🤖 AI Summary
Existing interactive video world models struggle with fine-grained multi-entity control and cross-entity, cross-world generalization due to action interfaces tightly coupled to specific entities or simulation engines. This work proposes a video world model that uses natural language as the action interface, enabling language-conditioned control at every latent frame (0.25 seconds) and achieving, for the first time, simultaneous multi-entity manipulation and concept-level transfer. The approach integrates a pretrained bidirectional video backbone, frame-local text cross-attention, Self-Forcing distillation initialized with ODEs, and RoPE-based decoupled sliding KV caching. Experiments demonstrate an 89% cross-entity transfer accuracy (versus 43% for the baseline), a 90% success rate on out-of-vocabulary prompts (baseline: 0%), and stable inference at 19.7 FPS in 480p resolution with a two-step student model, maintaining consistent FVD over 2-hour rollouts.
📝 Abstract
Modern interactive video world models have achieved impressive visual fidelity, yet lack fine-grained multi-entity control and cross-entity, cross-world generalization. We trace this gap to the action interface: standard control protocols (e.g. animation IDs, device inputs, scene-level captions) bind action semantics to specific entities or engines at design time.
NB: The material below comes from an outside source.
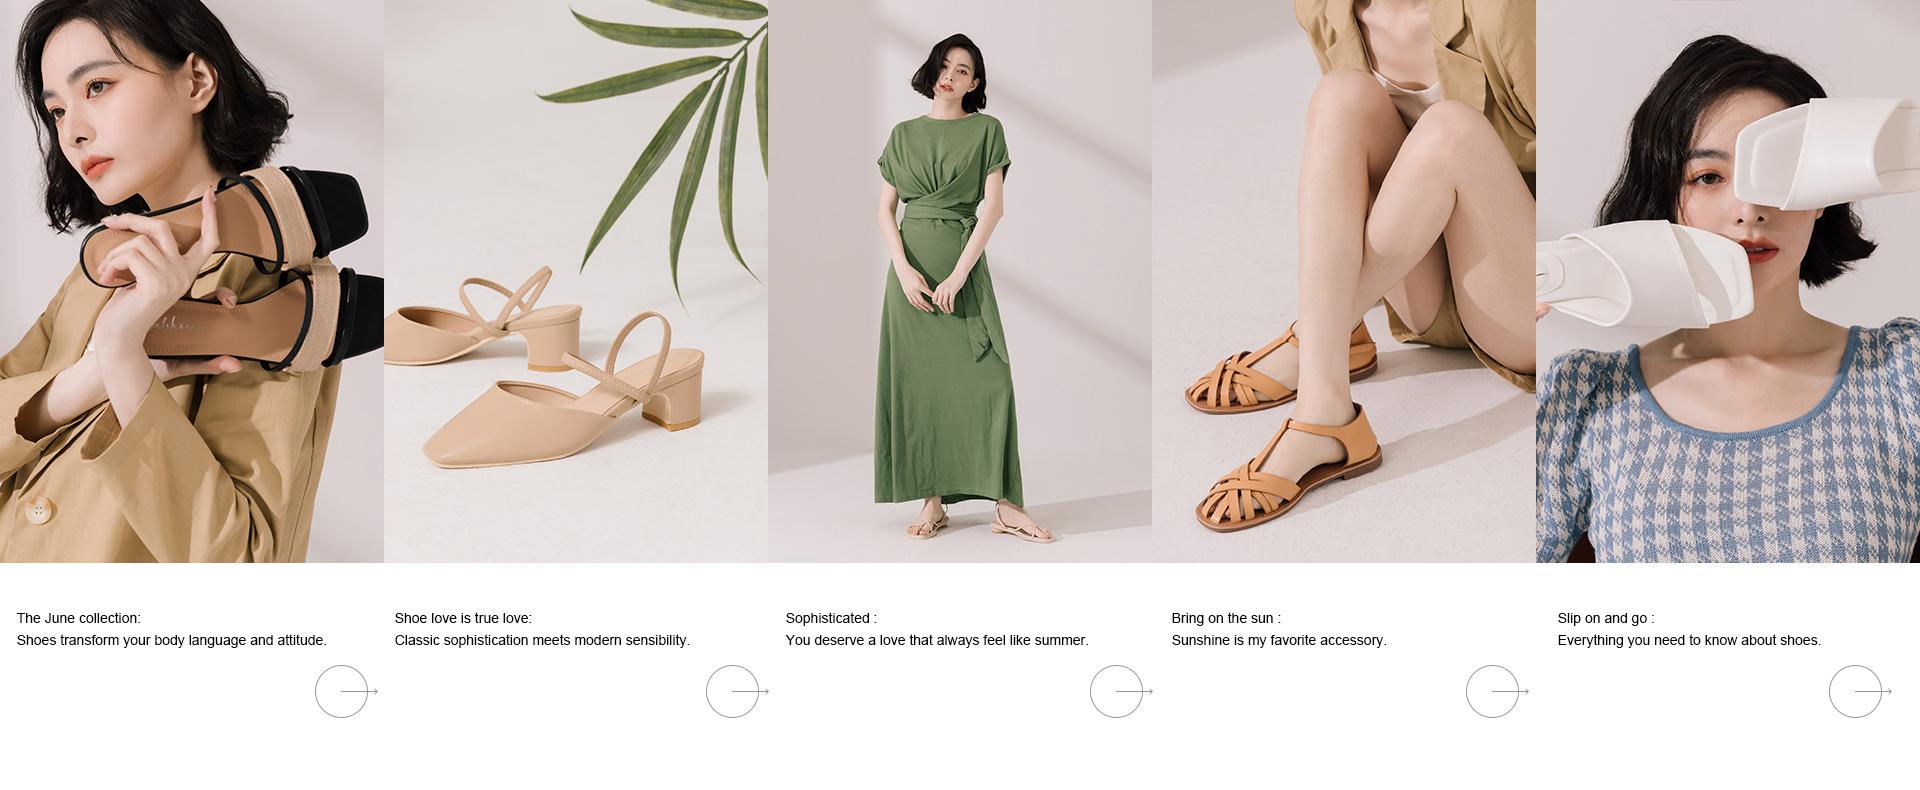 夏天流行女鞋5折起 涼鞋 拖鞋 涼拖鞋 後空鞋 編織鞋 WFH鞋款推薦50%OFF

We propose natural language as the interface to unlock expressiveness that no prior interface can achieve, and we present Incantation, the first interactive video world model with per-latent-frame (0.25 s) natural-language conditioning that supports simultaneous multi-entity control and concept-level cross-entity transfer beyond any fixed rendering pipeline. We pair a pretrained bidirectional video backbone with frame-local text cross-attention, and enable real-time long-horizon streaming through ODE-initialized Self-Forcing distillation with a RoPE-decoupled sliding KV-cache. We surpass the Action-Index baseline on cross-entity transfer (89% vs. 43%) and out-of-vocabulary prompts (90% vs. 0%), and our 2-step student sustains 19.7 FPS at 480p with stable FVD over 2-hour rollouts. We further apply the same architecture and training recipe to The King of Fighters, changing only the per-entity action vocabulary slots. We have released a preview subset of the Incantation dataset at https://huggingface.co/datasets/zhush/incantation-elden-ring-scenes, containing manually collected Elden Ring player-boss combat clips with structured action-oriented metadata. Larger-scale Elden Ring and KOF data will be released with the full project.